Boycott the Macron-CFDT (pro-government union federation) conference, it's a trap. To end the cuts call a general strike, the sign says

Macron, King Louis XVI, royalist, his party is complicit. Dictatorship will not be tolerated. What do you deserve when you attack the people. Remember the Nuremberg trials, the sign says

Alain, a “yellow vest” and retired bus driver attending yesterday’s protest in Paris, told the WSWS that Macron’s reform was “looting the people,” with pension cuts amounting to hundreds of euros monthly, or more. …

Alain

As a result, Alain added, even though “in every country, the people are rising up against a sort of new world order,” in France “many more people should have been out protesting.” He added, “I think then this government would not last long.”

Salim

Salim, a RATP (Paris mass transit) worker, told the WSWS that he had returned to work out of economic necessity, as his wages and savings had run out. He added that he is following mass protests by workers in the Middle East and around the world. “We must feel solidarity with them,” he said, “because the wealth produced by the workers everywhere is being harvested by the bosses and big capital.”

This 28 January 2020 video says about itself:

Firefighters clash with riot police in France protests

Police have used teargas and water cannon on protesting firefighters in Paris. Thousands of firefighters attended the demonstration in the French capital, asking for an increase in their hazard bonus, which has not changed since 1990.

The Alex Lantier article continues:

As protests began yesterday morning, news was spreading of violent clashes that erupted Tuesday between the government’s Republican Security Companies (CRS) riot police and firefighters protesting Macron’s cuts. With tensions high after a CRS cop shot a firefighter’s eye out with a rubber bullet at a protest last autumn, thousands of firefighters arrived in Paris in full fire-proof emergency gear, defying orders not to wear protective clothing to protests.

The firefighters’ heavy clothes and gas masks provided good protection from tear gas, and a running battle between firefighters and CRS units ensued in Paris as firefighters tried to reach the circular highway around the city to disrupt traffic.

Videos show how firefighters repelled an initial CRS baton charge, broke the CRS line and seized their plexiglass riot shields. Keeping close to retreating CRS police to limit their ability to fire rubber bullets and stun grenades, they chanted the call to arms from the Marseillaise, France’s national anthem. The CRS deployed truck-mounted metal barriers to halt the firefighters’ march, firing stun grenades and water cannon to protect the barrier, and then illegally shot a potentially lethal rubber bullet to the head of a firefighter who climbed onto the water cannon to wave a flare.

Firefighters pried apart several of the panels in the truck-mounted barrier, breaking it open, and shouted at the riot police, calling them “traitors to the French nation” and “Nazi collaborationists” for not defying Macron’s orders to attack demonstrators.

Created in December 1944, after the fall of the Nazi-collaborationist Vichy regime in World War II, the CRS were initially a new name given by General Charles de Gaulle’s government to Vichy’s Mobile Reserve Group (GMR) units.

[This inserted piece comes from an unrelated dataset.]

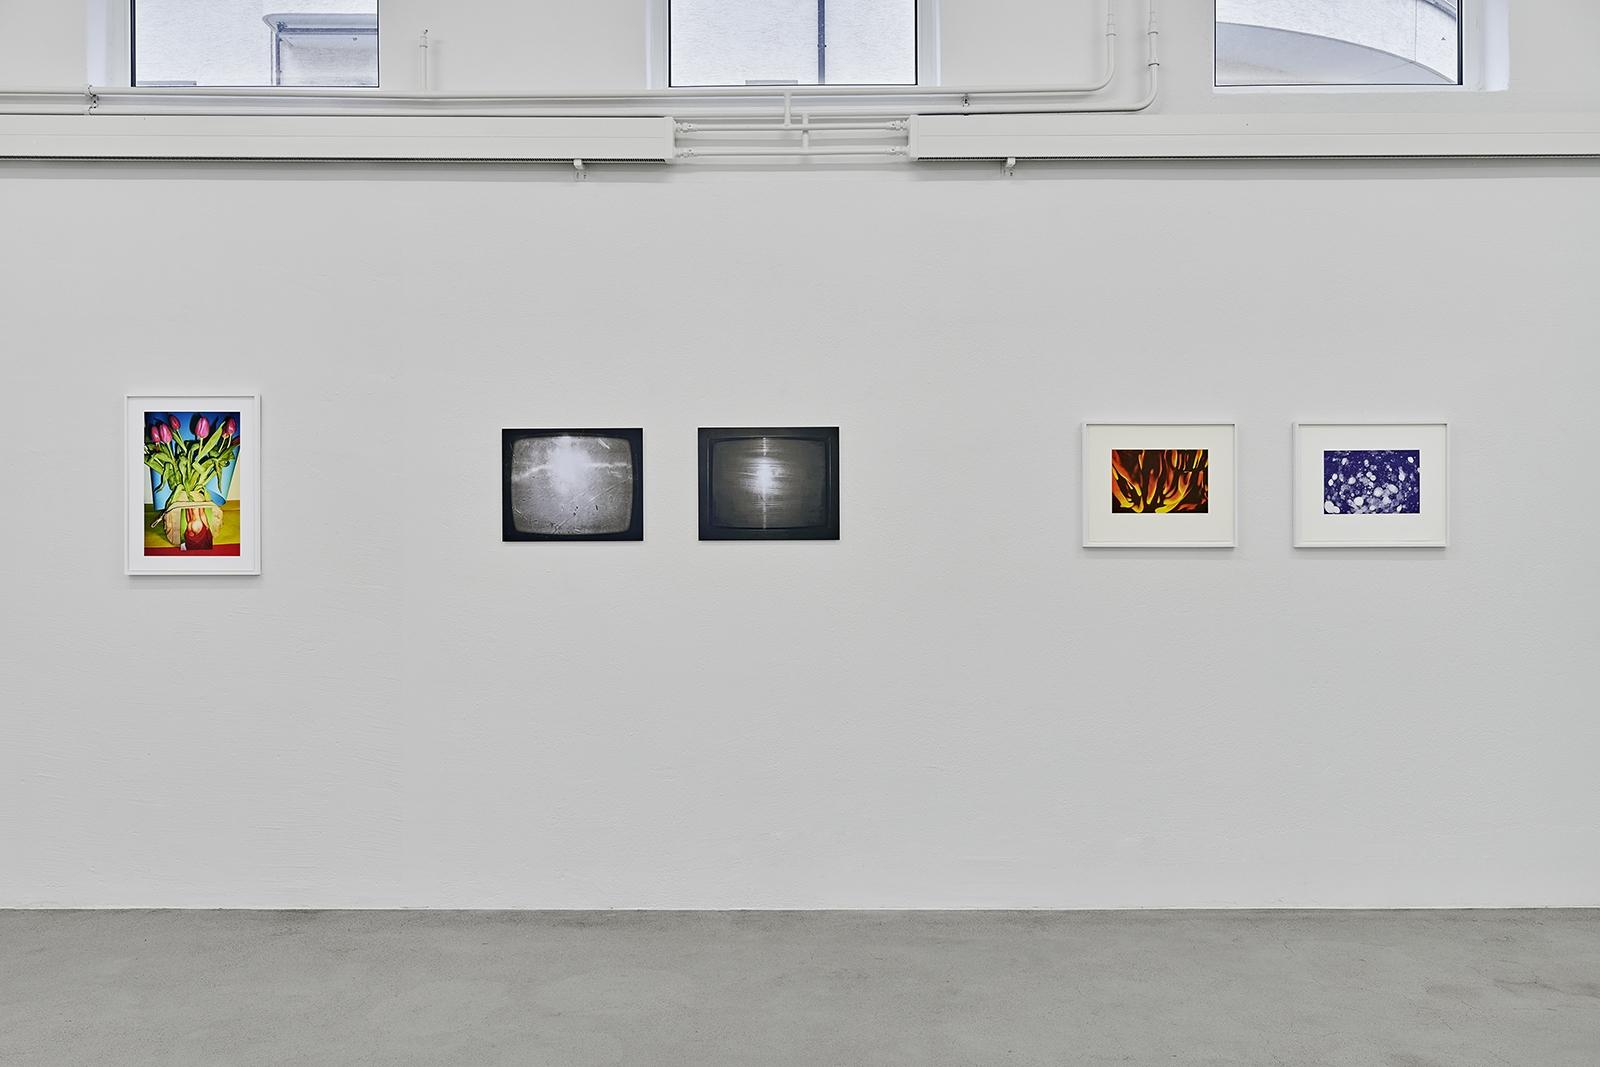 Ausstellungsansicht Walter Pfeiffer, Daniela Comani, Andreas Züst

The renaming aimed to hide the record of the fascist GMR, which fought alongside Nazi SS troops against Resistance units. This led to the famous slogan, used first in the bloody 1947 miners’ strike and then the May 1968 French general strike: “CRS-SS.”

May 1968 French CRS=SS poster

Jurassic South African dinosaur, other footprints, discovery


This 13 August 2018 video says about itself:

Take a look at some of the most important and valuable archaeological treasures in the world that are to be found in South Africa’s Great Karoo. It was through the study of Karoo fossils in the early years of the 20th century that scientific thought was influenced in acknowledging that mammals arose from reptiles.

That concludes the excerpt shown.